Many of the CCPA’s rights afforded to Californians are similar to the rights the GDPR provides, including the disclosure and data subject right (DSR) requests, such as access, deletion, and portability. As such, customers can look to our already existing GDPR solutions to help them with their CCPA compliance.
To begin your CCPA journey you should focus on Discovery of information, determining how personal information is shared, governing how it is used, how it is protected and having a formal data breach response program in place.

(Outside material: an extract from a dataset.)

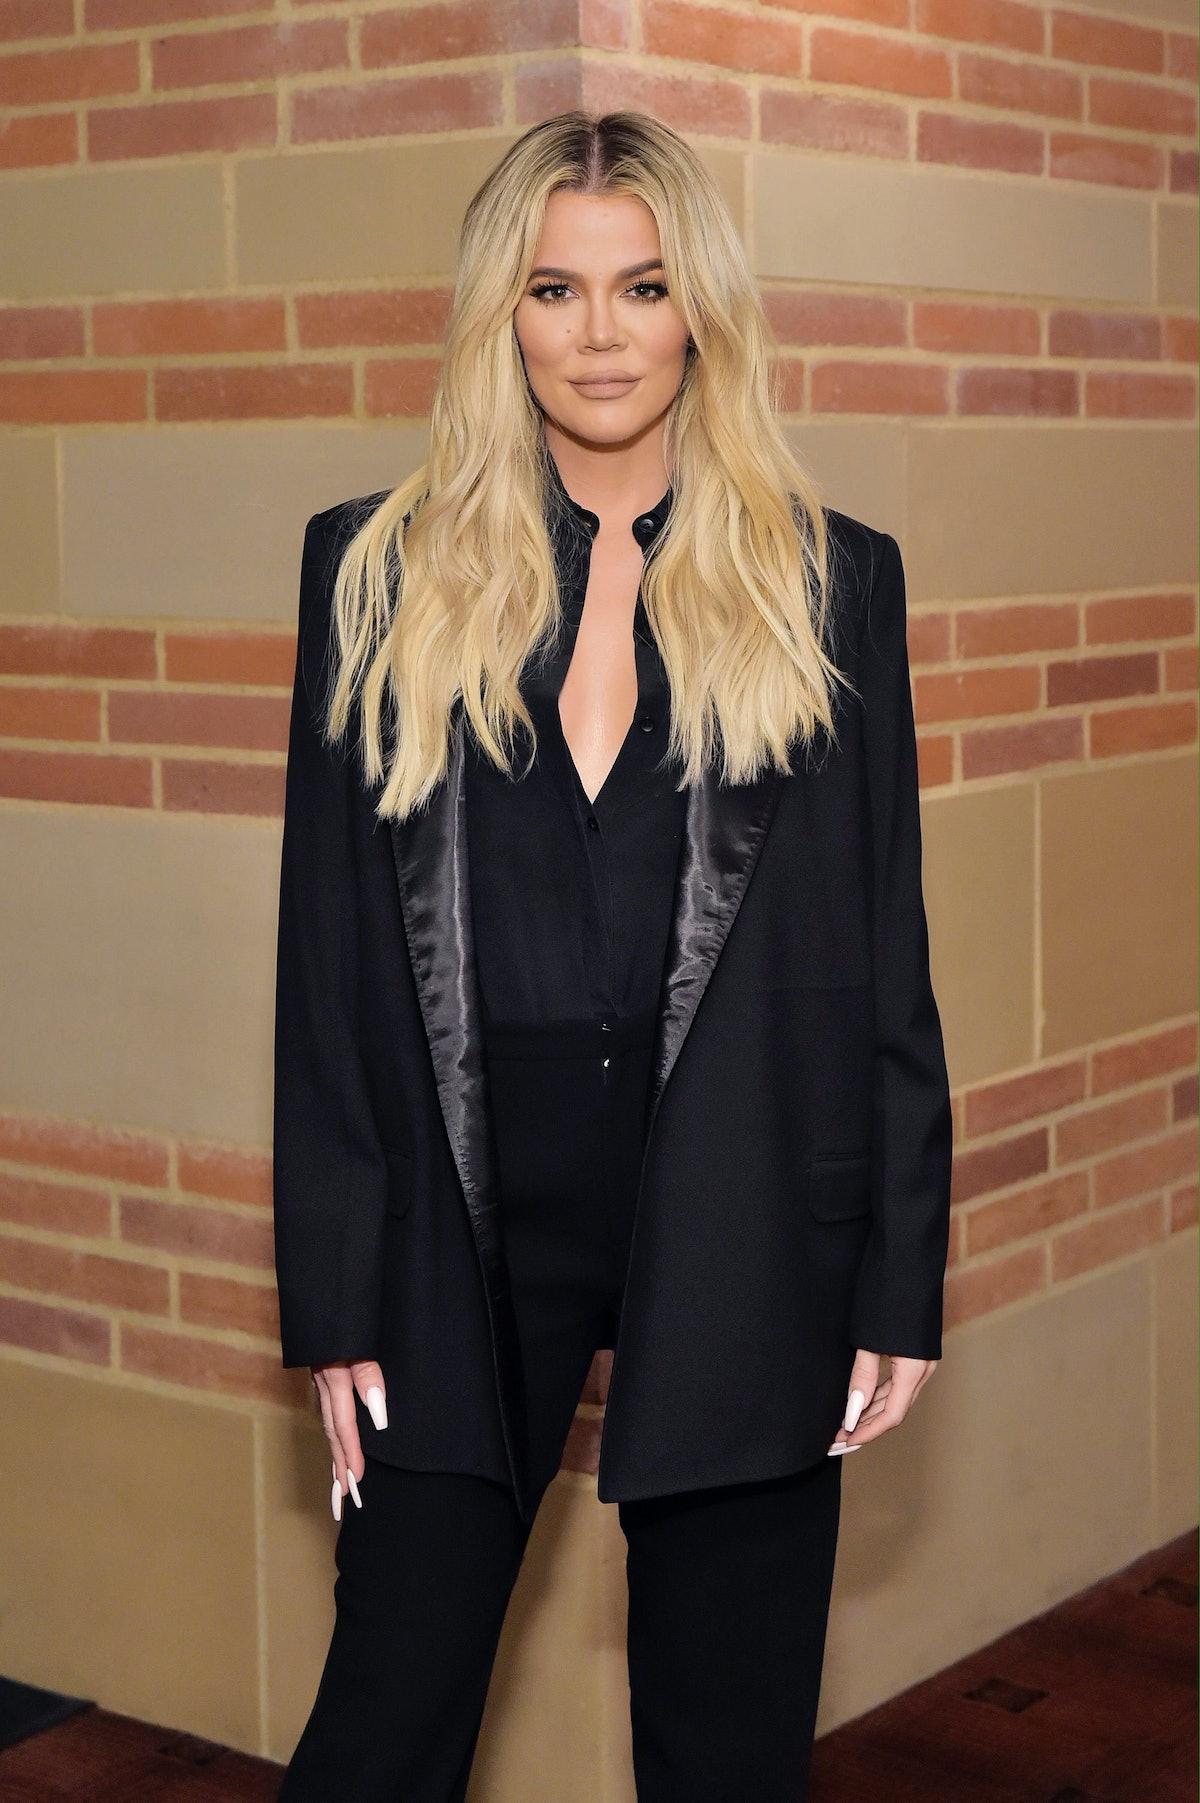 LOS ANGELES, CALIFORNIA - NOVEMBER 19: Khloe Kardashian attends The Promise Armenian Institute Event...
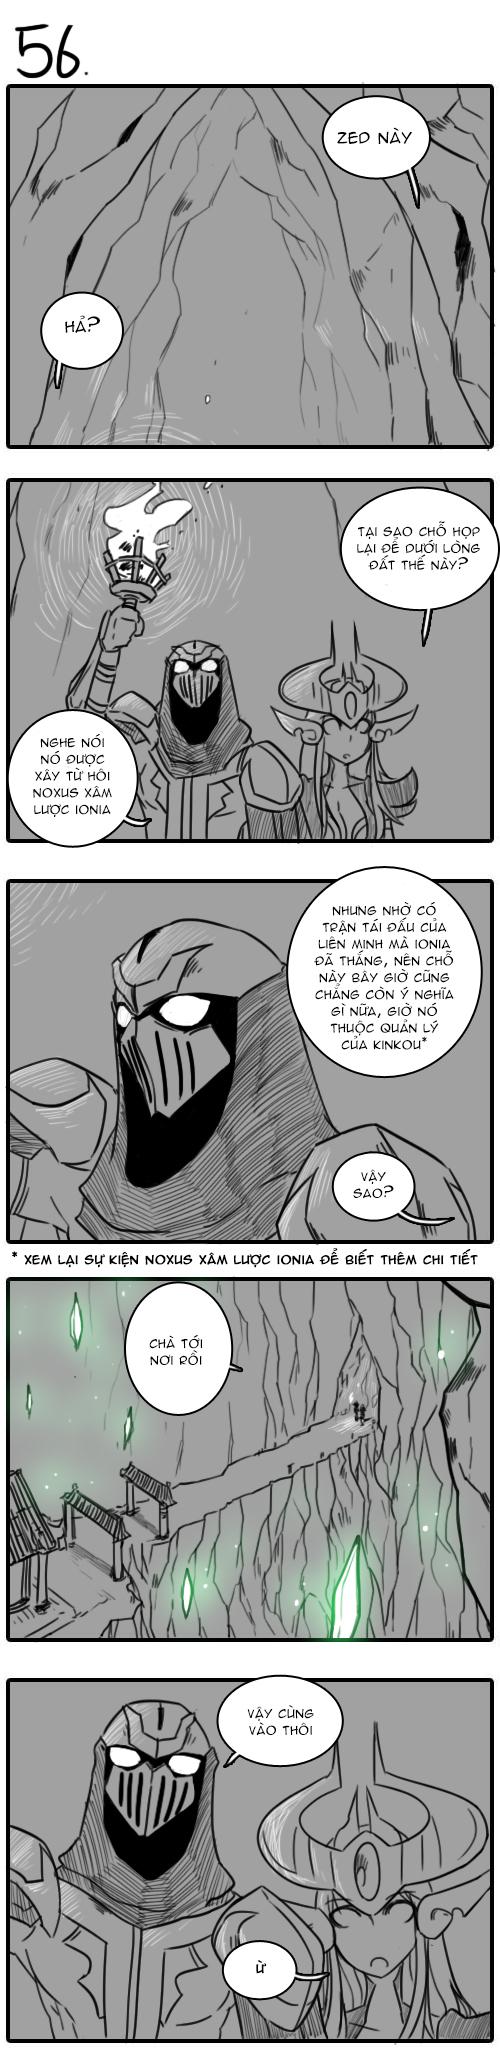 comic_lmht_2_9_1

What are the differences between GDPR and CCPA?
There are many differences. It’s easier to focus on the similarities, including:
- Transparency/disclosure obligations;
- Consumer rights to access, delete; and receive a copy of data,
- Definition of ‘service providers’ that is similar to how GDPR defines “processors” with a similar contractual obligation, and
- Definition of “businesses” that encompasses the GDPR definition of “controllers”.
The biggest difference in CCPA is the core requirement to enable an opt-out from sales of data to third parties (with ‘sale’ broadly defined to include sharing of data for valuable consideration).
What rights must companies enable under the CCPA?
The CCPA requires regulated businesses that collect, transfer, and sell personal information to, among other things:
- Provide disclosures to consumers, prior to collection, regarding the categories and purposes of collection.
- Provide more detailed disclosures in a privacy policy regarding the sources, business purposes, and categories of personal information that is collected, including how those categories are sold or transferred to other entities.
- Enable DSR rights of access, deletion, and portability for the specific pieces of personal information that has been collected by you.
- Enable a control that will permit consumers to opt out of the sale of the consumer’s data. However, transfers to exempt entities, such as service providers, will be permitted.
- For minors, under 16, enable an opt-in process so that no sale of the minor’s personal information can occur without actively opting-in to the sale.
- Ensure that consumers are not discriminated against for exercising any of their rights under CCPA.
The biggest difference in CCPA is the core requirement to enable an opt-out from sales of data to third parties (with ‘sale’ broadly defined to include sharing of data for valuable consideration).
How does the CCPA apply to children?
CCPA introduces parental consent obligations consistent with The Children’s Online Privacy Protection Act (COPPA) for children under the age of 13.
For children between 13 and 16 years old, CCPA imposes a new obligation to obtain opt-in consent from the child.